- _WORK TASK_
Down to the last line of the listing, starting at the one with "This photo released", retype each line exactly. Do not copy the pictures.

- _DATA PROVIDED_
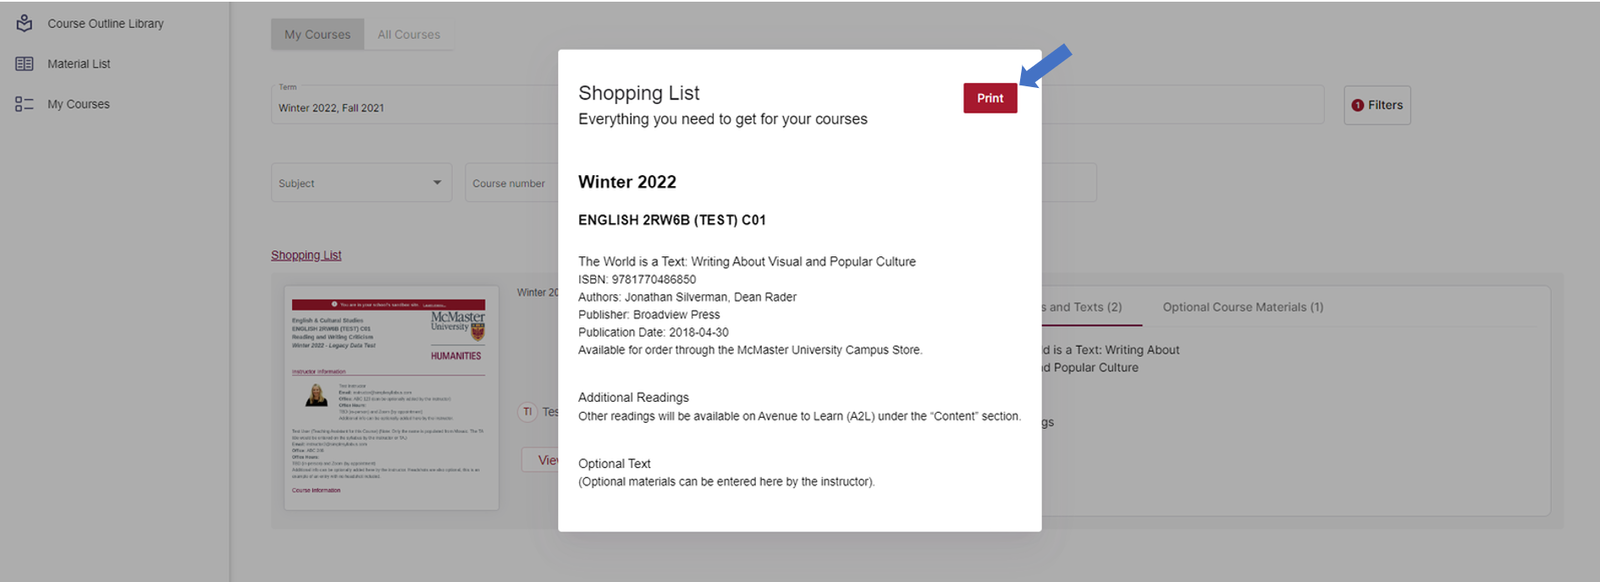 The pop-up showing the shopping list of all courses taken in a semester. In this picture, Winter 2022 is chosen, and the shopping list for English 2RW6B is shown
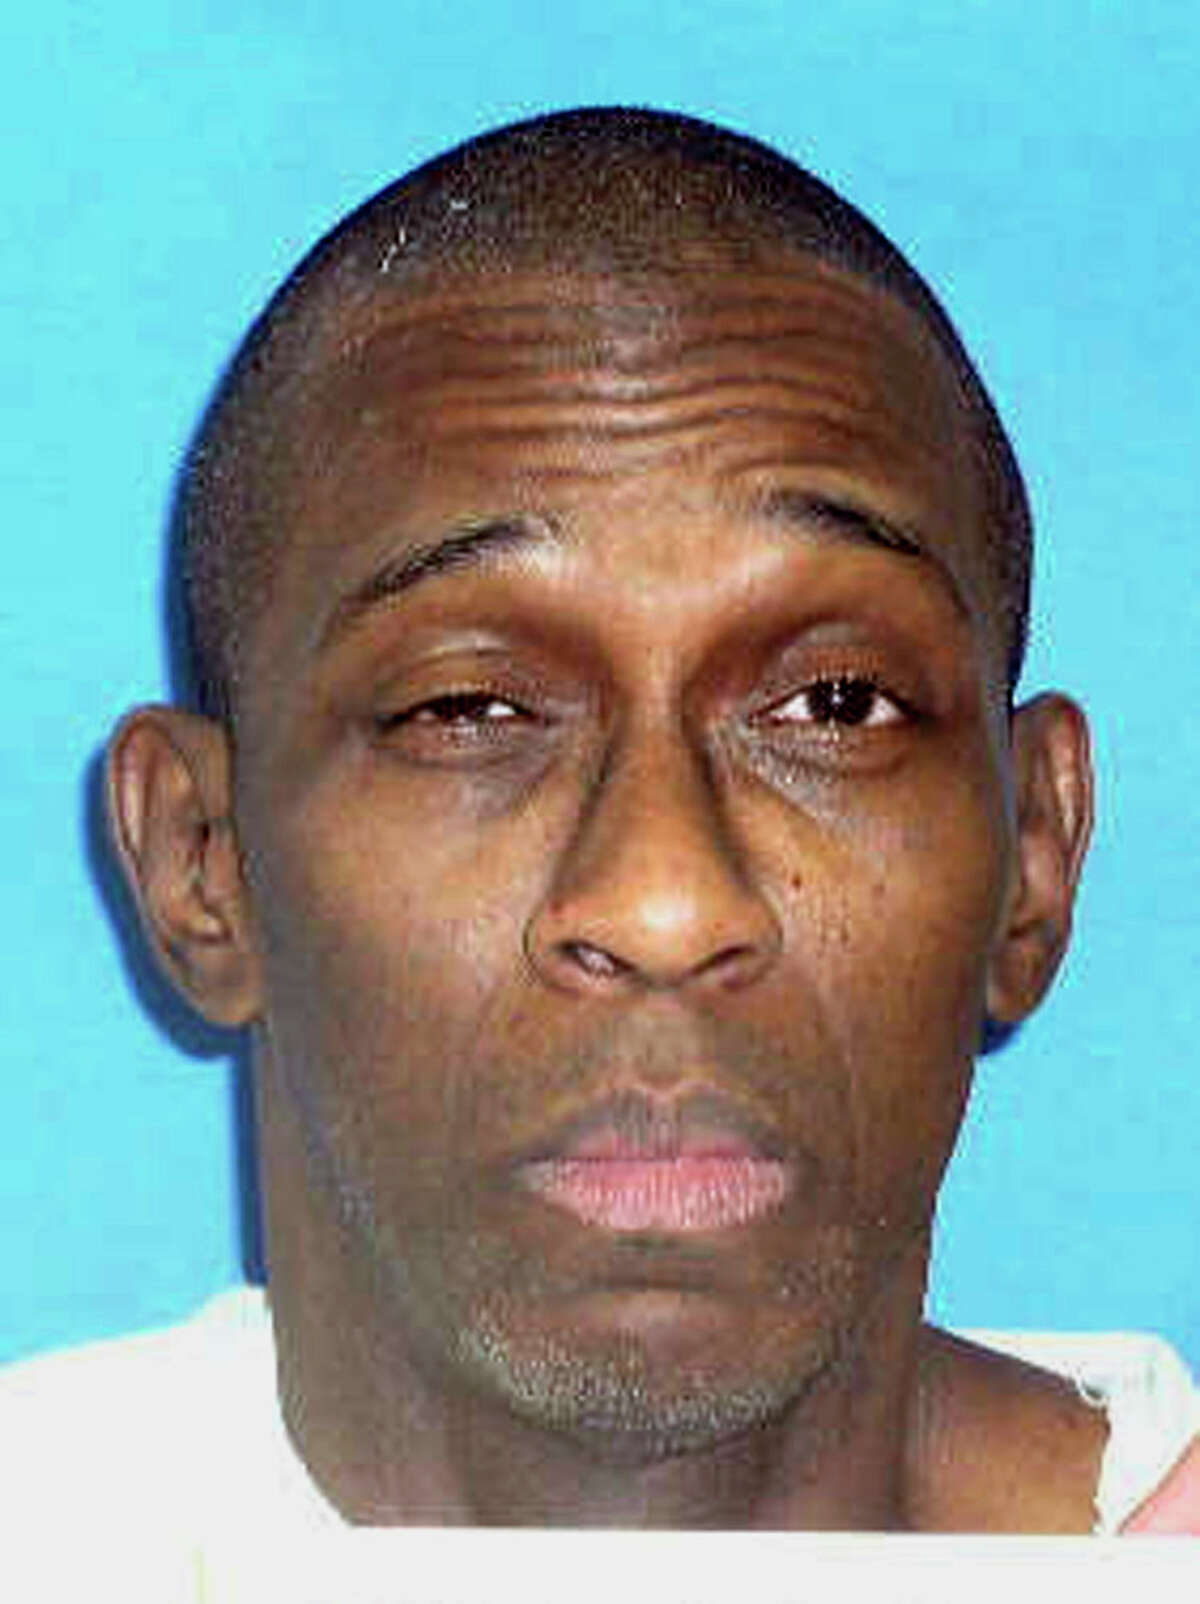 This photo released by the Texas Department of Criminal Justice shows death row inmate Gerald Cornelius Eldridge who is scheduled for execution by lethal injection at the Texas prison in Huntsville, Tuesday, Nov. 16, 2009. Eldridge was convicted of capital murder charges for a shooting spree that wounded his son and left his daughter and their mother dead. (AP Photo/Texas Department of Criminal Justice) Gerald Eldridge
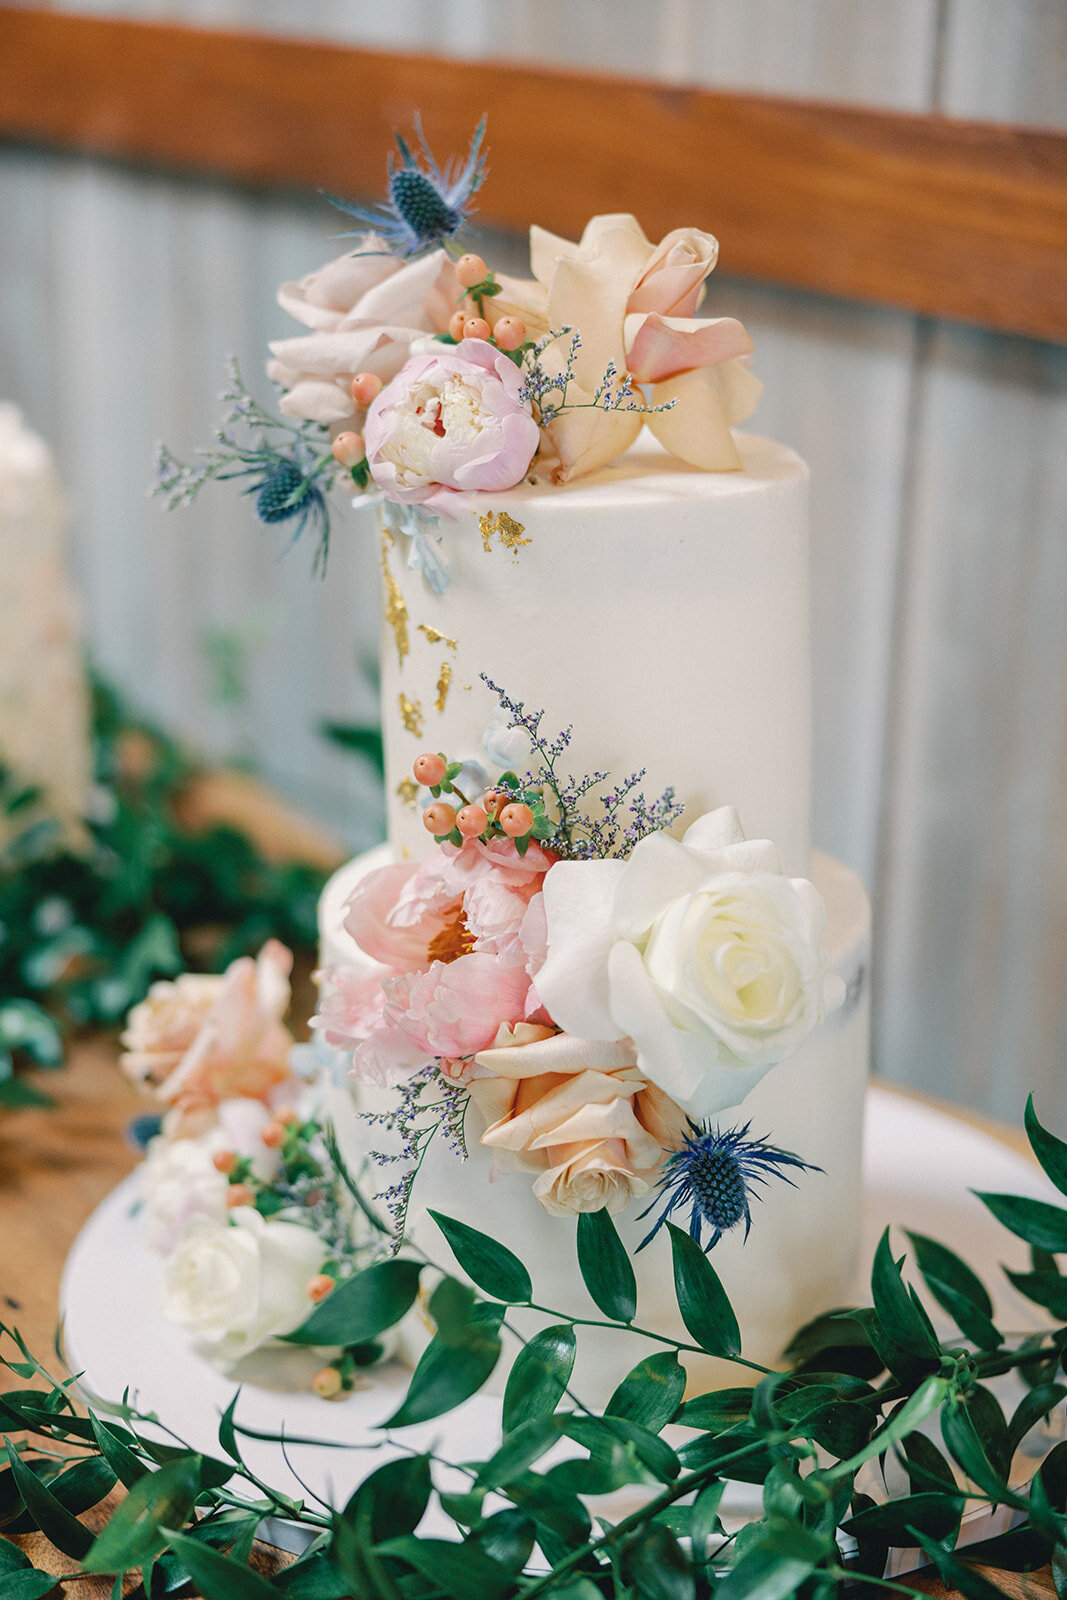 White tiered cake with pink and white flowers and greenery

- _REPLY TO THE EXERCISE_
 This photo released by the Texas Department of Criminal Justice shows death row inmate Gerald Cornelius Eldridge who is scheduled for execution by lethal injection at the Texas prison in Huntsville, Tuesday, Nov. 16, 2009. Eldridge was convicted of capital murder charges for a shooting spree that wounded his son and left his daughter and their mother dead. (AP Photo/Texas Department of Criminal Justice) Gerald Eldridge
 White tiered cake with pink and white flowers and greenery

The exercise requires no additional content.